Однако живая и веселая девушка с неправильным, но милым и нежным лицом, с лучистым и теплым, как тихий звон, взглядом, выражение которого беспрерывно разнообразно; девушка, все время ткущая вокруг себя незримый след легких и беззаботных движений; худенькая, но хорошо сложенная, с открытым и чистым голосом, с улыбкой, мелькающей как трепет летней листвы, – может, не вредя себе ровно ничем, пачкаться и пылиться сколько душе угодно; ее вызывающая заботливую улыбку прелесть победит черное тягло сажи потому, что у нее более средств для этого, чем у неподвижной статуи, или живой, но с медленным темпом излучаемых впечатлений богини. Может ли последняя запрыгать, хохоча и хлопая себя по бокам? Нет. Но это может всякая просто миловидная девушка, мало заботящаяся о том, как выглядит подобный эксперимент.

Вот все, что мы хотели сказать, воспользовавшись подходящим моментом. Меж тем, вытирая вещи, стоящие на комоде, Тави повела мысленную беседу с Сарацином из гипса. Не раз о его подножие пропавший капитан выколачивал трубку, чем сбил краску, окружив ноги Сарацина ужасными ямами. Сарацин, поднеся руку к глазам, смотрел вдаль, другой же рукой держался за рукоять ятагана.

– Ну, как у вас в Сарацинии? – спросила девушка.

– Да ничего, помаленьку.

– Вот, говорят, вы просветили Испанию, – продолжала Тави. – Были вы, говорят, велики, но умалились. Почему это?

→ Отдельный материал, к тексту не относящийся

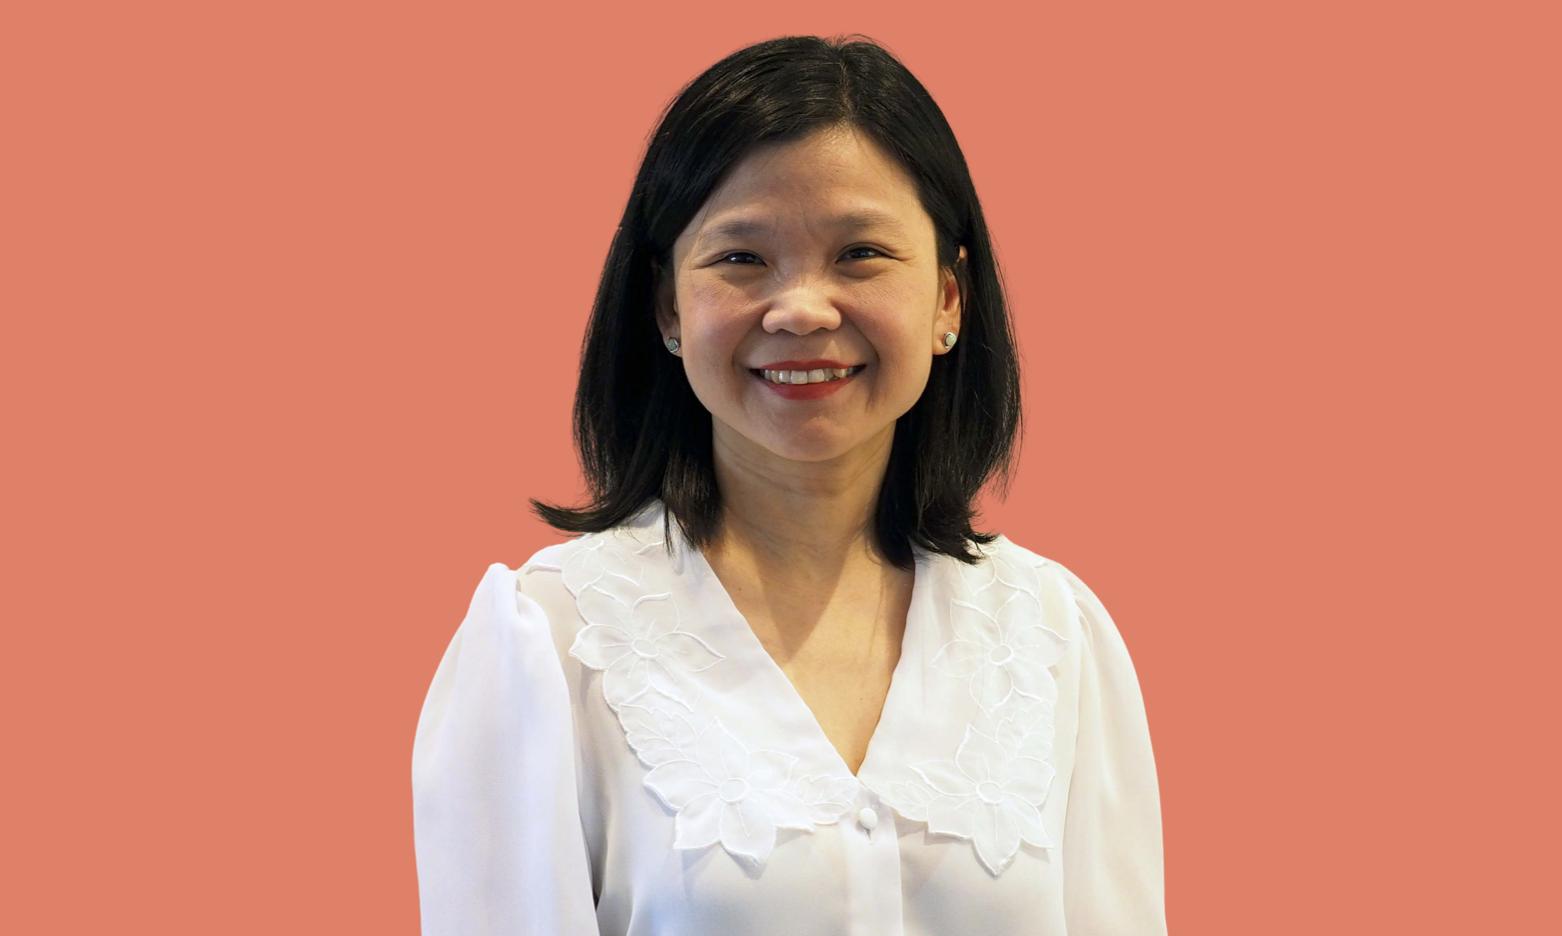 Li-Yeng Choo

– Я гипсовый, я не знаю, – сказал Сарацин.

– Слушай, – подбоченясь, заговорила девушка, – вынь же наконец свой ятаган, свистни им в воздухе и издай боевой клич; сколько лет держишься ты за эфес, а вытащить клинок не можешь. Воспрянь и изобрази!

– Это не выйдет, – отвечал Сарацин, – но вот что я скажу тебе, белая христианская девушка: я смотрю в даль, где вижу твою судьбу.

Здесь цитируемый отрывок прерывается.